Studies which have investigated the foraging behavior of generalist herbivores suggested that mixed complementary diets are preferably consumed, as they provide all necessary nutrients, may dilute toxic substances, and may even improve digestion38,39,40,41. Overall, there is strong evidence that mixed diets enhance the performance of terrestrial and aquatic herbivores38, 42,43,44, thus emphasizing the significance of primary producer diversity for higher trophic levels. Yet in most cases the performance on mixed diets is not better than that on the single most optimal species20, 21. Although we have not considered growth on single species here, our results also indicate that the apparent diversity effects on consumer growth are to a large extent driven by few biochemically superior species i.e. C. meneghiniana, Cryptomonas spp. and N. limnetica. In natural systems, a less diverse community dominated by PUFA- and sterol-rich diatoms and cryptophytes may already be of excellent nutritional value for consumers37. Possibly, in such communities the biochemical diversity is higher since these species increase both the richness and the evenness of the fatty acid pool. Furthermore, overall species diversity based on indices or numbers is likely to change seasonally and annually and depending on species-specific nutritional traits, the availability of essential lipids may change. Even, if the species diversity index does not change, the fatty acid profiles might be significantly altered. While species replacing each other during the season might lead to a relatively constant general species diversity index, the replacement of species with particular species-specific fatty acid composition will generate completely different fatty acid pattern in the communities45.

However, we also found some evidence for resource complementarity.
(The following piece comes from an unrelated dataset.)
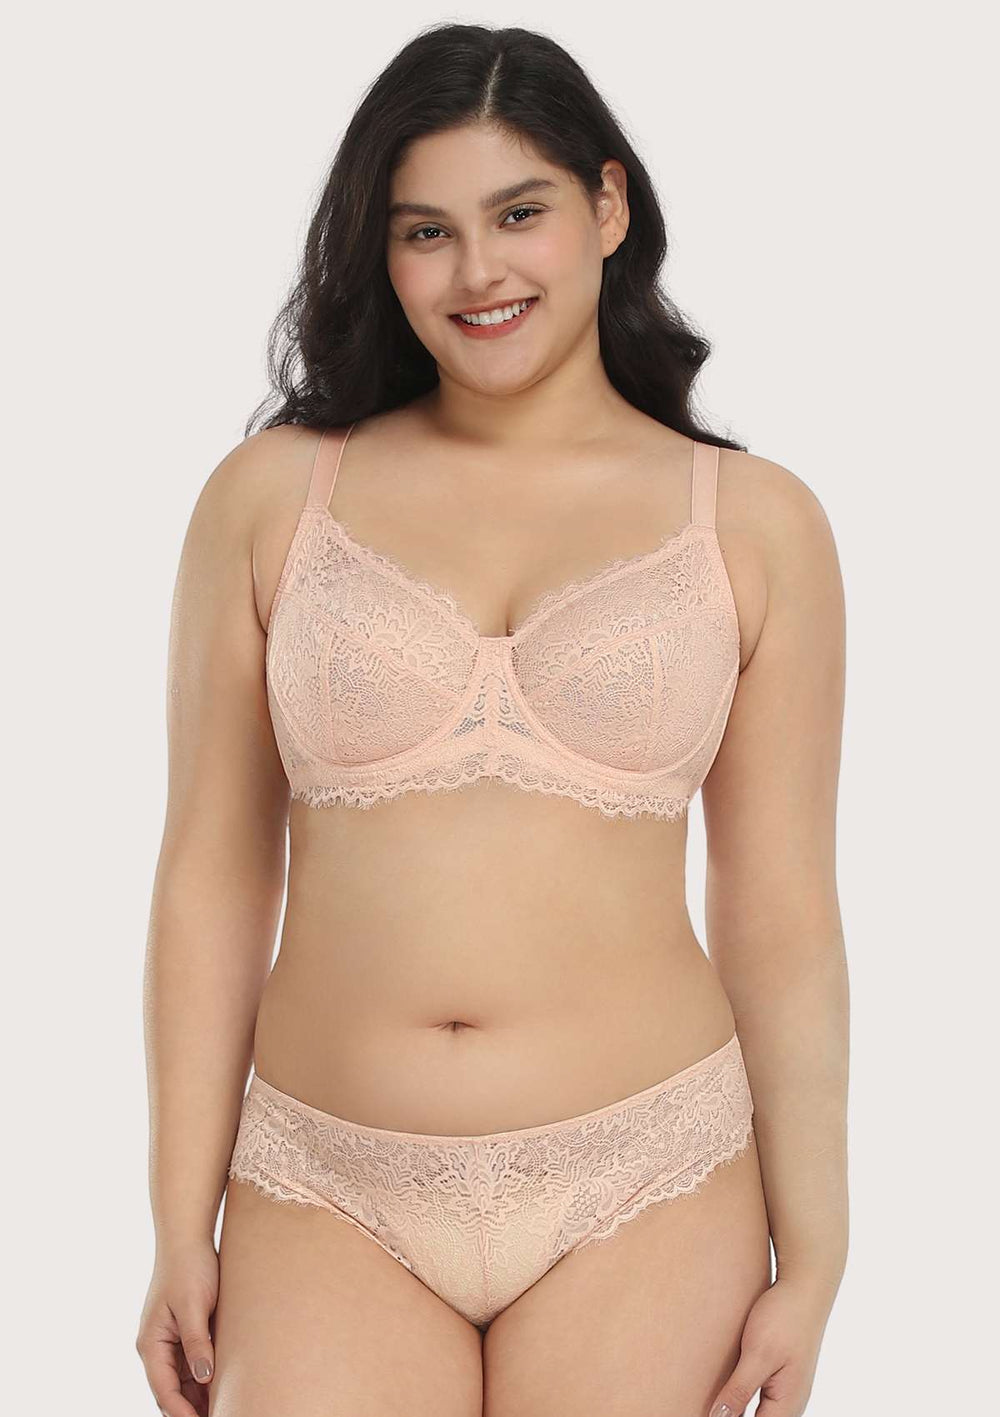 SECRET POSSESSIONS SOFT PADDED UNDERWIRED BRA & MATCHING LACY THONG SET 4  SIZES

Nutritionally superior species contribute much more C20 PUFA than sterols and when diluted in a community dominated by S. elongatus they cannot fully saturate all co-limiting nutrient demands of the consumers. In such cases, chlorophytes, which are rich in sterols, can act as complementary food species.
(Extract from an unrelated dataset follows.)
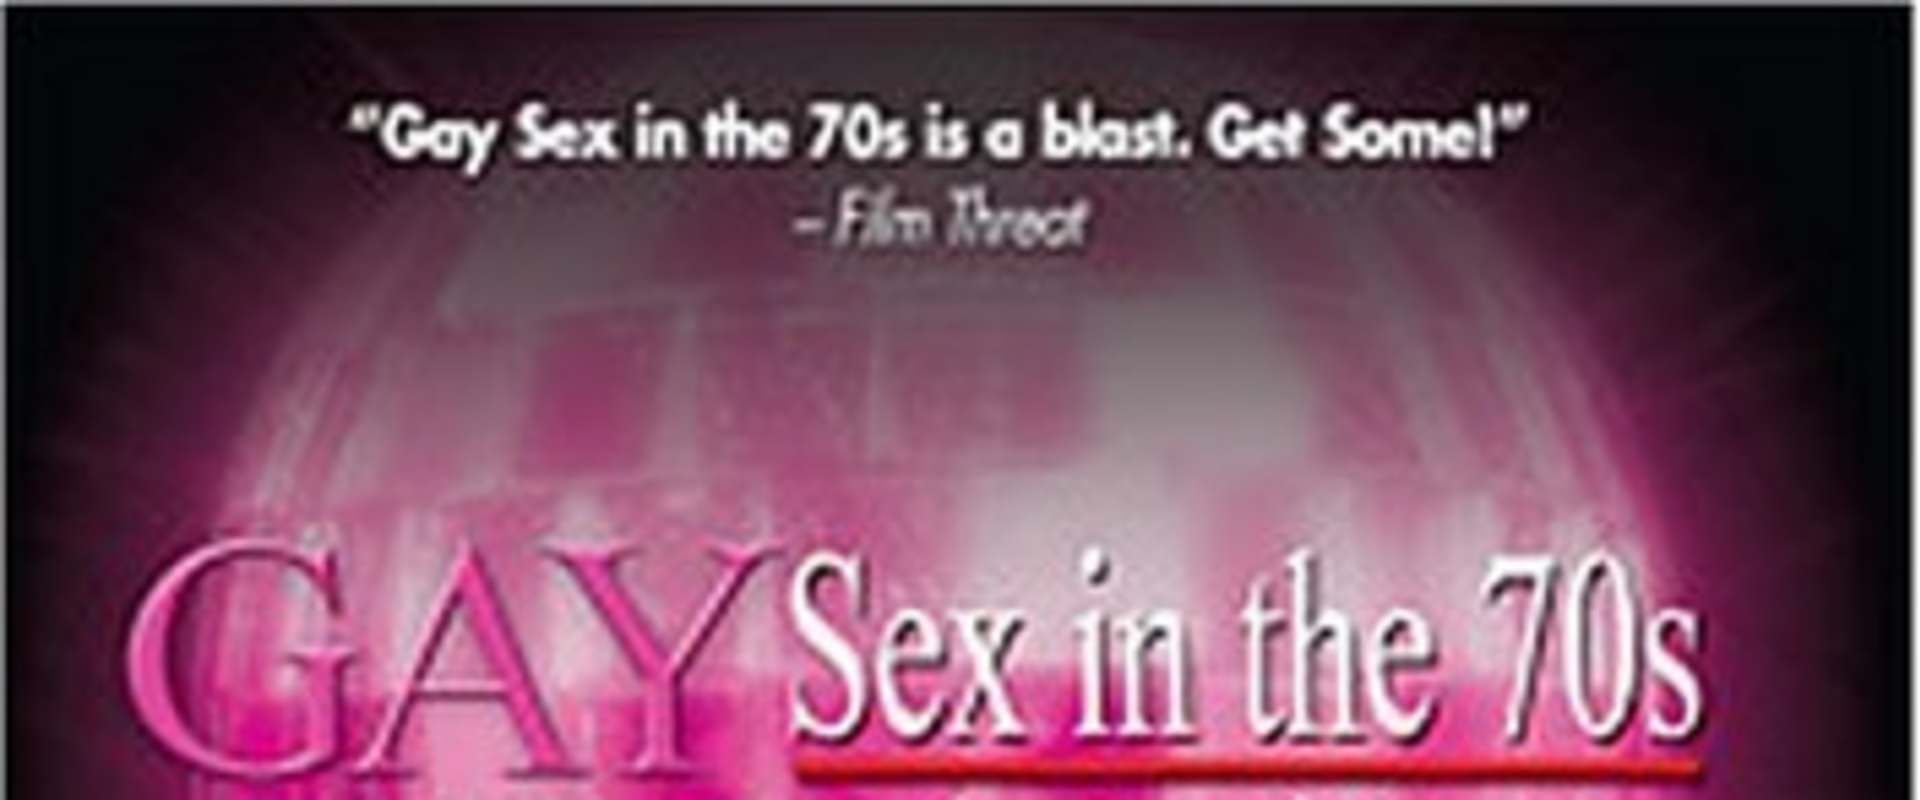 Gay Sex in the 70s background 2

In conclusion, our results provide a possible explanation for the functional link between zooplankton nutrition and phytoplankton diversity found in previous studies8, 9. However, prey biochemical traits might not be the only drivers of consumer performance. From a more general perspective, the phytoplankton species may also differ in defense traits such as size and cell morphology, directly influencing trophic interactions46,47,48. Although the distribution of these traits among species might drive diversity effects in ways we have not considered here, our study clearly underlines the important role of nutritional traits for the understanding of diversity effects.